Qui però la fonte della notizia va guardata con attenzione, e almeno qui su FP lo facciamo ogni volta che sentiamo strombazzare qualcosa. Dunque, l’origine della notizia (ripresa ampiamente anche in Italia) è il Daily Mail: cita fonti industriali non identificate, secondo cui la Commissione starebbe discutendo la misura con case automobilistiche e organizzazioni per la sicurezza.
Un portavoce della Commissione, interpellato, non ha smentito e ha risposto che si tratta di discussioni “di natura puramente esplorativa”. In poche parole, è lo sottolineo: non esiste, per ora, nessuna proposta legislativa ufficiale con quella data del 2030 scritta nero su bianco. Però ci sono alcune cose che ho verificato.
Il numero che complica i limiti di velocità satellitari
Vi porto i dati di Thatcham Research, il principale ente britannico di ricerca sulla sicurezza dei veicoli. Thatcham ha testato diversi modelli di ISA su strada. E ha misurato due tipi di accuratezza: quella sulla distanza percorsa, e quella nel momento esatto in cui il limite cambia.
Sulla distanza, i numeri sembrano ottimi: il sistema peggiore arriva al 91,3%, il migliore al 98,39%. Ma nel momento critico, quando il cartello cambia davvero, l’accuratezza crolla: 74,3% per il peggiore (un errore ogni quattro cambi di limite) e 90,3% per il migliore. Sono stati anche registrati casi limite, con l’auto che mostrava limiti palesemente sbagliati.
È un dettaglio che pesa parecchio, se il piano è passare da “il sistema ti avvisa” a “il sistema decide per te”. Un errore di lettura oggi è un fastidio; domani, con la potenza frenata in automatico, potrebbe diventare un problema di sicurezza vero, magari proprio nel momento in cui serviva accelerare. Dai, siamo seri, secondo me al momento questa cosa nun se po’ fà.
I numeri di Thatcham Research
Accuratezza su distanza percorsa: dal 91,3% (peggior sistema testato) al 98,39% (migliore).
Accuratezza nel momento del cambio limite: crolla al 74,3% per il peggiore (1 errore ogni 4) e al 90,3% per il migliore. Rilevati anche casi di limiti mostrati palesemente errati, come 8 o 161 km/h.

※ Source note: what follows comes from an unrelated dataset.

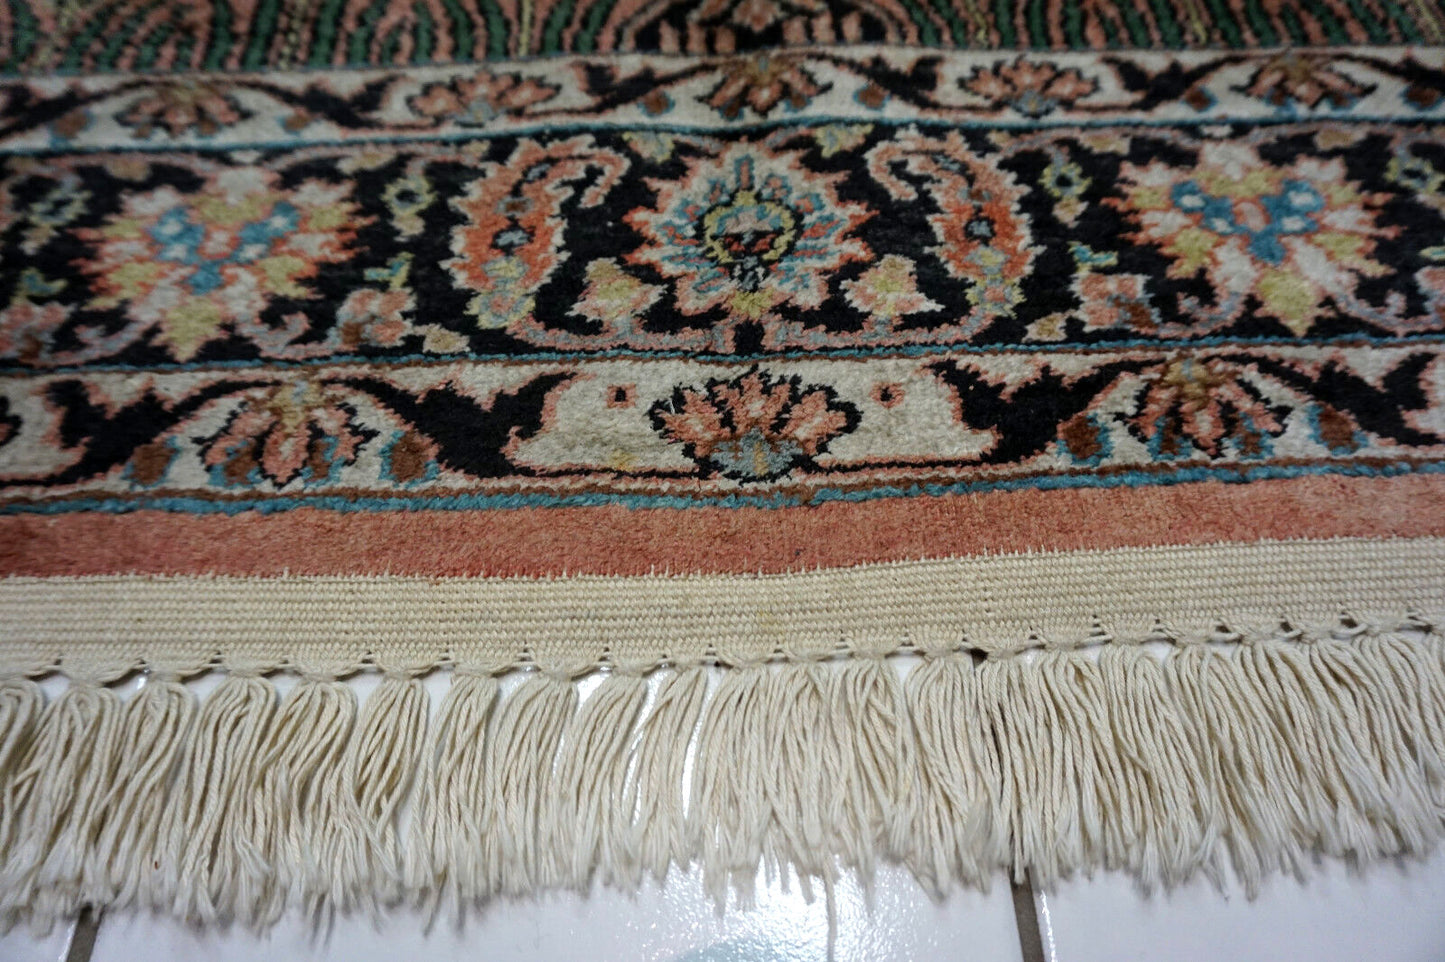 Exquisite Silk Rug from India's Kashmir Region in Good Condition

Il GPS che decide quanto vai veloce? Ho un déja vu
Il tema, in realtà, non è nemmeno del tutto nuovo per chi segue queste cose da un po’. Lo scorso anno vi ho detto di come Washington e Virginia, negli Stati Uniti, avessero introdotto limitatori GPS obbligatori. Ma lì la logica era diversa. Puniva i guidatori recidivi dell’eccesso di velocità, non l’intera popolazione di automobilisti. La differenza tra i due casi è tutta lì: uno è mirato, l’altro sarebbe universale. E non è nemmeno la prima volta che qualcuno lega il rispetto dei limiti a una ricompensa tecnologica: in Canada hanno persino testato semafori che restano verdi solo per chi non supera il limite.
Che gli europei accetterebbero dei limiti di velocità imposti così è tutto da vedere. Le associazioni di consumatori e i costruttori hanno già bollato proposte simili come “tecnologie da balia”. E un’auto che rallenta da sola, magari per un limite letto male, rischia di trasformare un’idea nata per salvare vite in una ragione in più per non fidarsi del cruscotto.
Mi sbaglio?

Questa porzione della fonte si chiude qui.